Many small business owners believe that hackers prefer to prey on big business. After all, the big hacks are the ones you hear about the most, especially when they involve plenty of money or huge data breaches. But don't let those splashy news stories fool you – small businesses are far from immune to these crimes. In fact, they're now the principal target of fraudsters.

Extreme Vulnerability

According to the 2016 State of SMB Cybersecurity report, breaches occurred in half of the 28 million small businesses in the United States. This isn't because small businesses are holding particularly attractive assets; it's because they're often easy targets without the resources for dedicated IT personnel or proper training. Consequently they’re more susceptible to phishing, email malware, cyber ransom, and e-commerce attacks, which continue to increase.

According to a study by PricewaterhouseCoopers, the number of security incidents across all industries is at its highest in ten years. What was once the sole responsibility of IT professionals is now an important consideration for every small business owners.

High Risk

Despite the obvious threat, a March 2017 Manta poll found that 87% of small business owners felt their company was not at risk of a cyber attack. Nonetheless, Symantec’s April 2017 Security Threat Report states that thieves stole more than 1.1 billion identities in data breaches in 2016 – almost double the number stolen in 2015. Clearly, cyber crime continues to increase as thieves organize and target more and more small businesses.

The problem is so rampant the Main Street Cybersecurity Act of 2017 (currently under review in the Senate) specifically addresses the need for “industry-led guidelines and procedures to cost-effectively reduce cyber risks to critical infrastructure”.

Diverse Threats

Recent Petya ransomware attacks show that every business, but especially small businesses, face the risk of malicious cyberattacks.
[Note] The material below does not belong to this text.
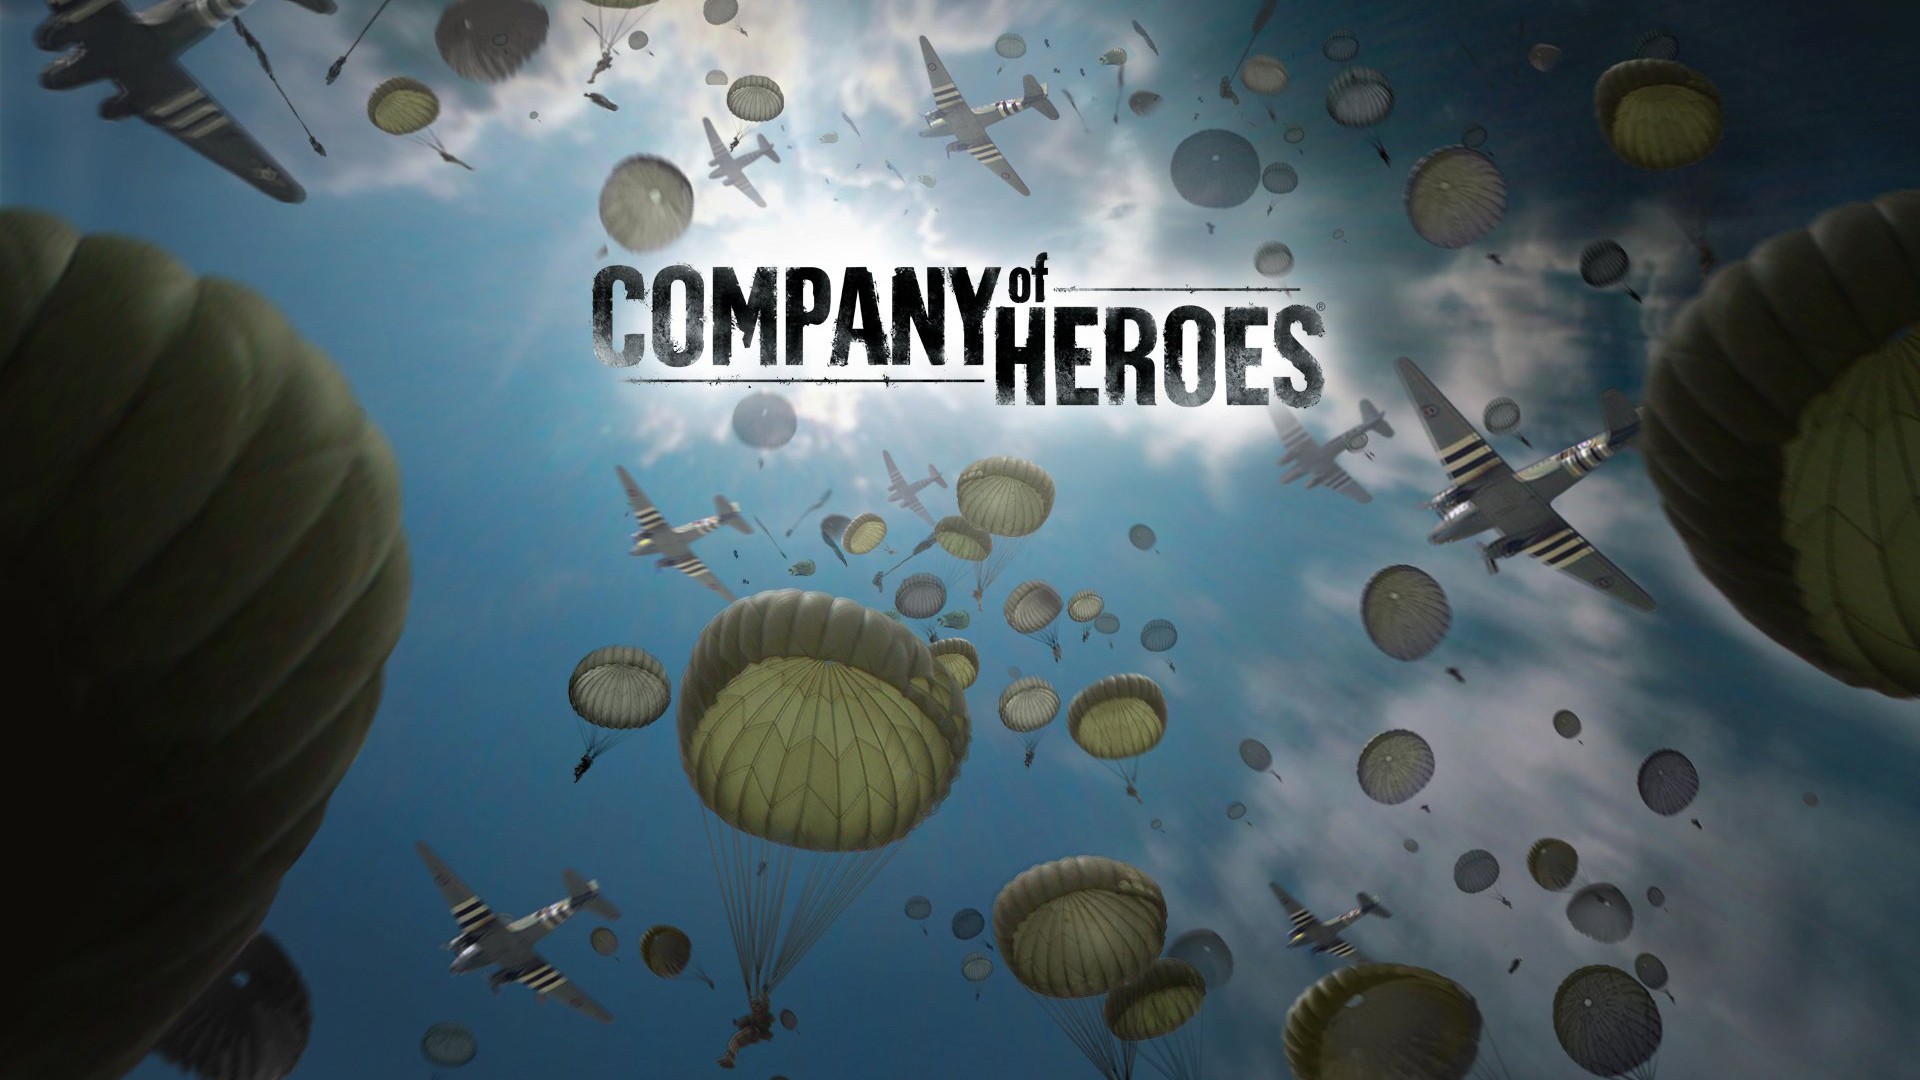 Video Game Company Of Heroes 1920x1080

Cyber criminals constantly develop new threats and have more ways to access data.

Social media is now an important part of many small businesses, but few companies establish best practices. Employees and contractors can intentionally or unintentionally leak data, infringe on copyrights, or post defamatory statements.

Mobile use is also growing exponentially and small businesses often rely on devices such as laptops, smartphones, and tablets to conduct their operations. Lost, stolen, or infected portable devices increase the risk of data loss.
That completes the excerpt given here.